In the 3% hypertonic saline group, sputum induction was successful in 97.5% of cases (Table 2). 75% of cases were positive with first spot nebulization, the carried-over effect of the first nebulization was 67.5%, and the total cumulative effect was 60% (Table 5).
In the levosalbutamol group, 88.2% males and 91.3% females induced sputum. In the 0.9% normal saline group, 59.1% males and 38.9% females induced sputum and in the 3% hypertonic saline group, 100% males and 94.1% females induced sputum.
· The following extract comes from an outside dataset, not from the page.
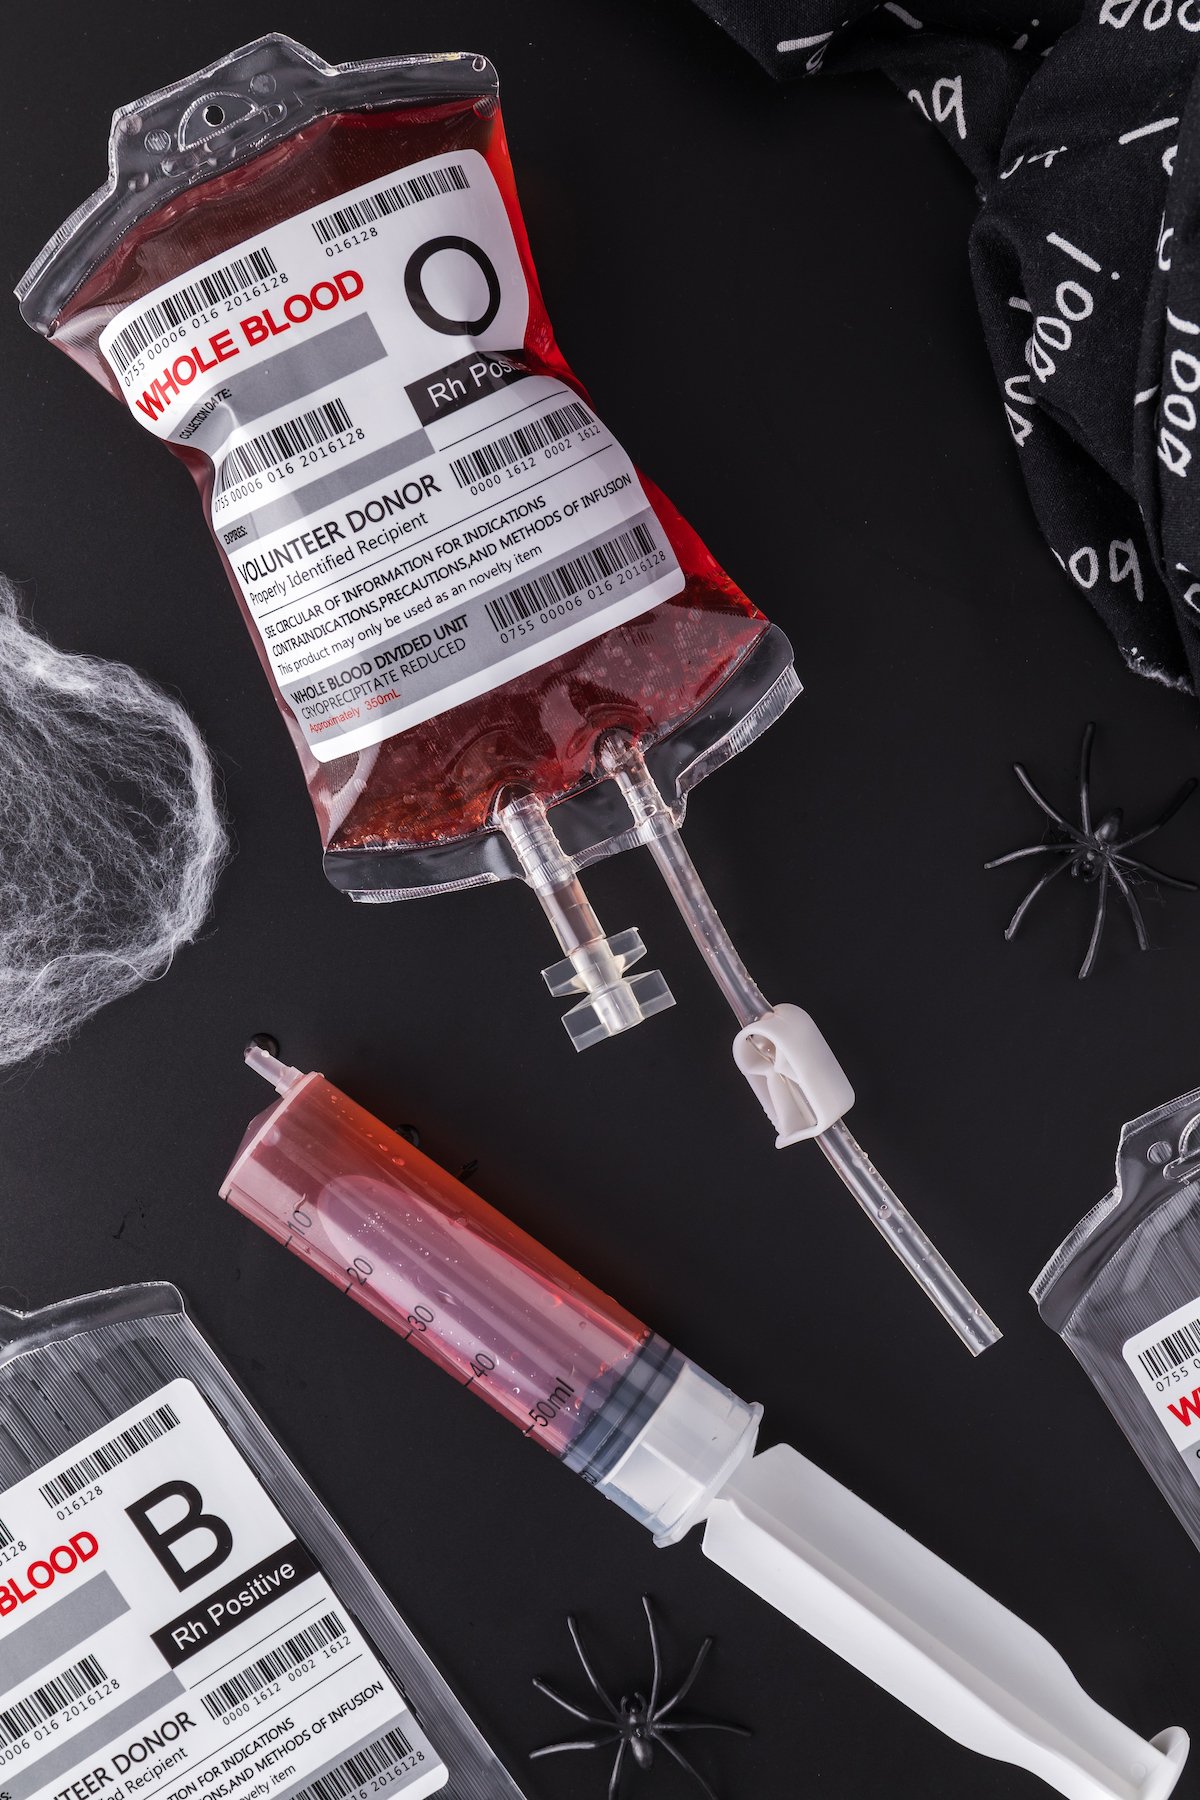 A fake "IV bag" has been filled with Halloween punch that looks like blood. A plastic syringe sits next to it.

The levosalbutamol group showed 40% (1 +), 17.5% (2+), and 20% (3+). The 0.9% normal saline group showed 22.5% (1+), 12.5% (2+), and 7.5% (3+). The 3% hypertonic saline group showed 57.5% (1+), 12.5% (2+), and 20% (3+) (Table 6).
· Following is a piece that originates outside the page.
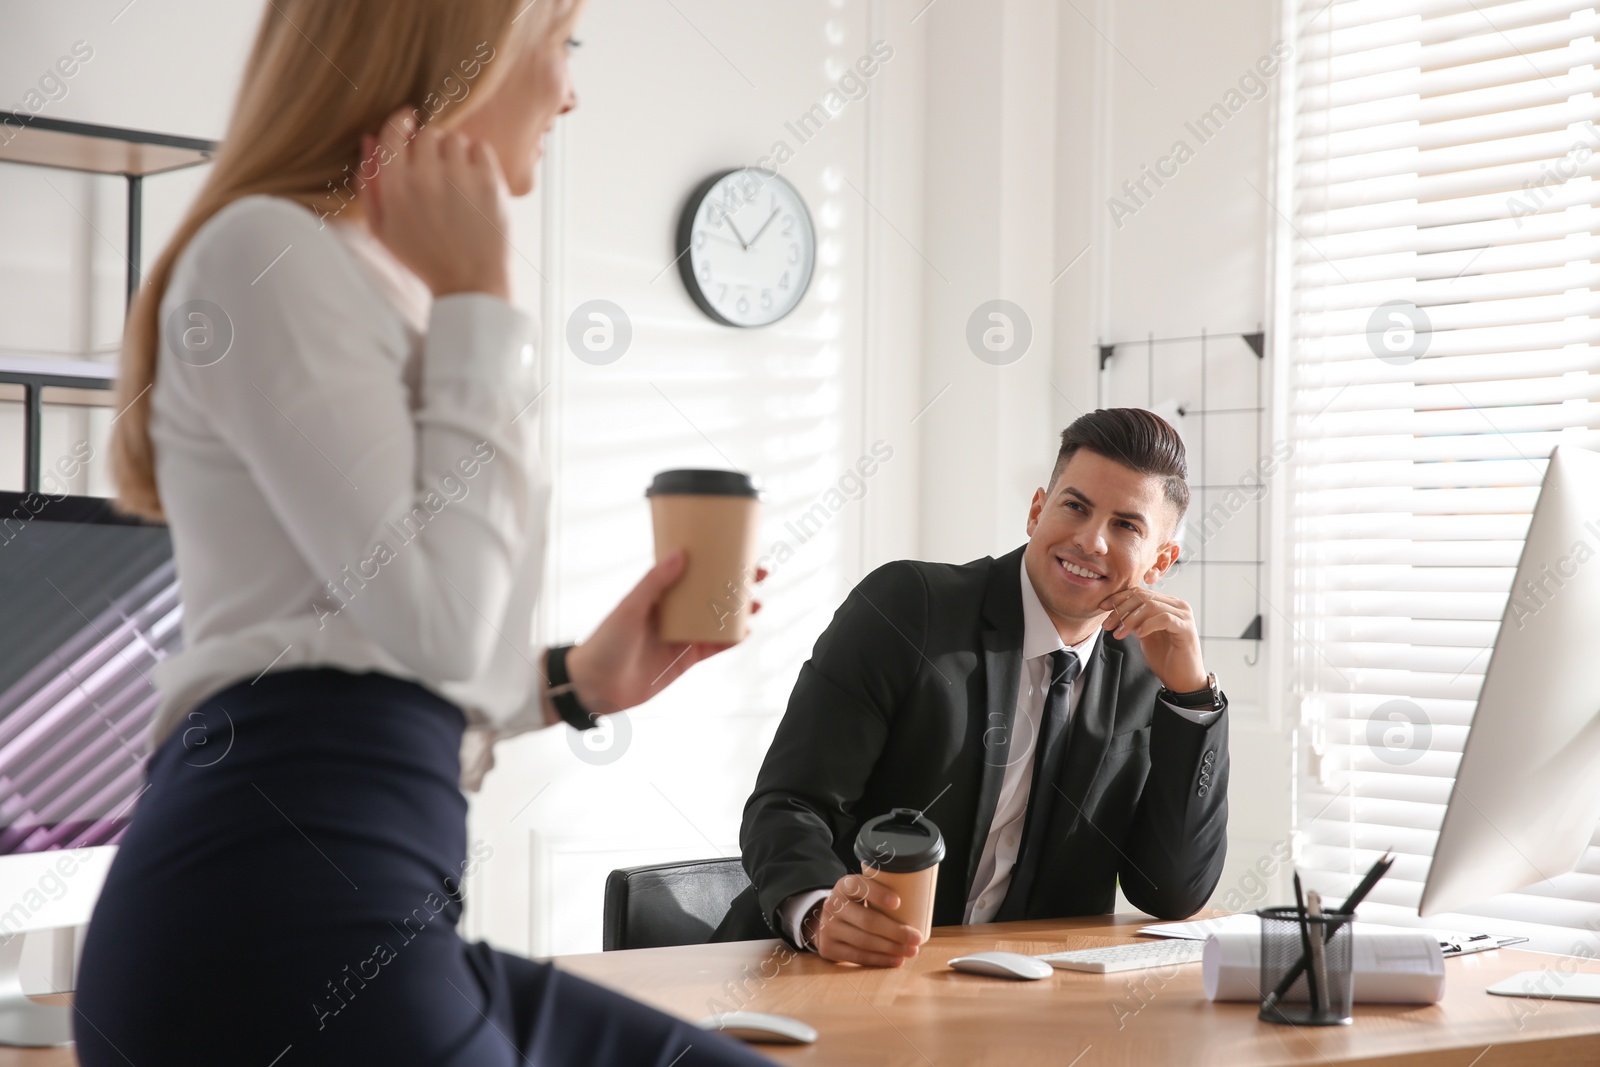 Photo of Man flirting with his colleague during coffee break in office

The results of levosalbutamol group showed 77.5% positivity, the 0.9% normal saline group showed 42.5% positivity, and the 3% hypertonic saline group showed 90% positivity (Table 7).
In recent years, sputum induction and its subsequent processing has been refined as a non-invasive research tool providing important information about inflammatory events in the lower airways, and it has been used for studying various diseases (Li et al., 1999). The development of standardized methods for sputum induction has improved the quality and reproducibility of sputum samples (Brightling, 2006).
The WHO recommends the detection of AFB in respiratory specimens as the initial approach to the diagnosis of TB (WHO, 1993). However, this method has low sensitivity and has little value in patients who cannot produce sputum spontaneously. In HIV-seronegative patients with suspected TB who do not produce sputum or have negative AFB smears, diagnosis of TB becomes difficult and in most cases they are treated empirically which may result in resistance, unnecessary cost, and toxicity especially in resource restricted countries. Moreover, HIV-seropositive patients who do not produce sputum undergo expensive and more invasive procedures (Conde et al., 2000). Thus, it is time for sputum induction to move from research laboratory to the clinic. There are many methods to improve the bacteriological diagnosis of smear negative pulmonary TB i.e., bronchoscopy, laryngeal swabs, and gastric and trans tracheal aspirates. These diagnostic tools have their own limitations (McWilliams et al., 2002).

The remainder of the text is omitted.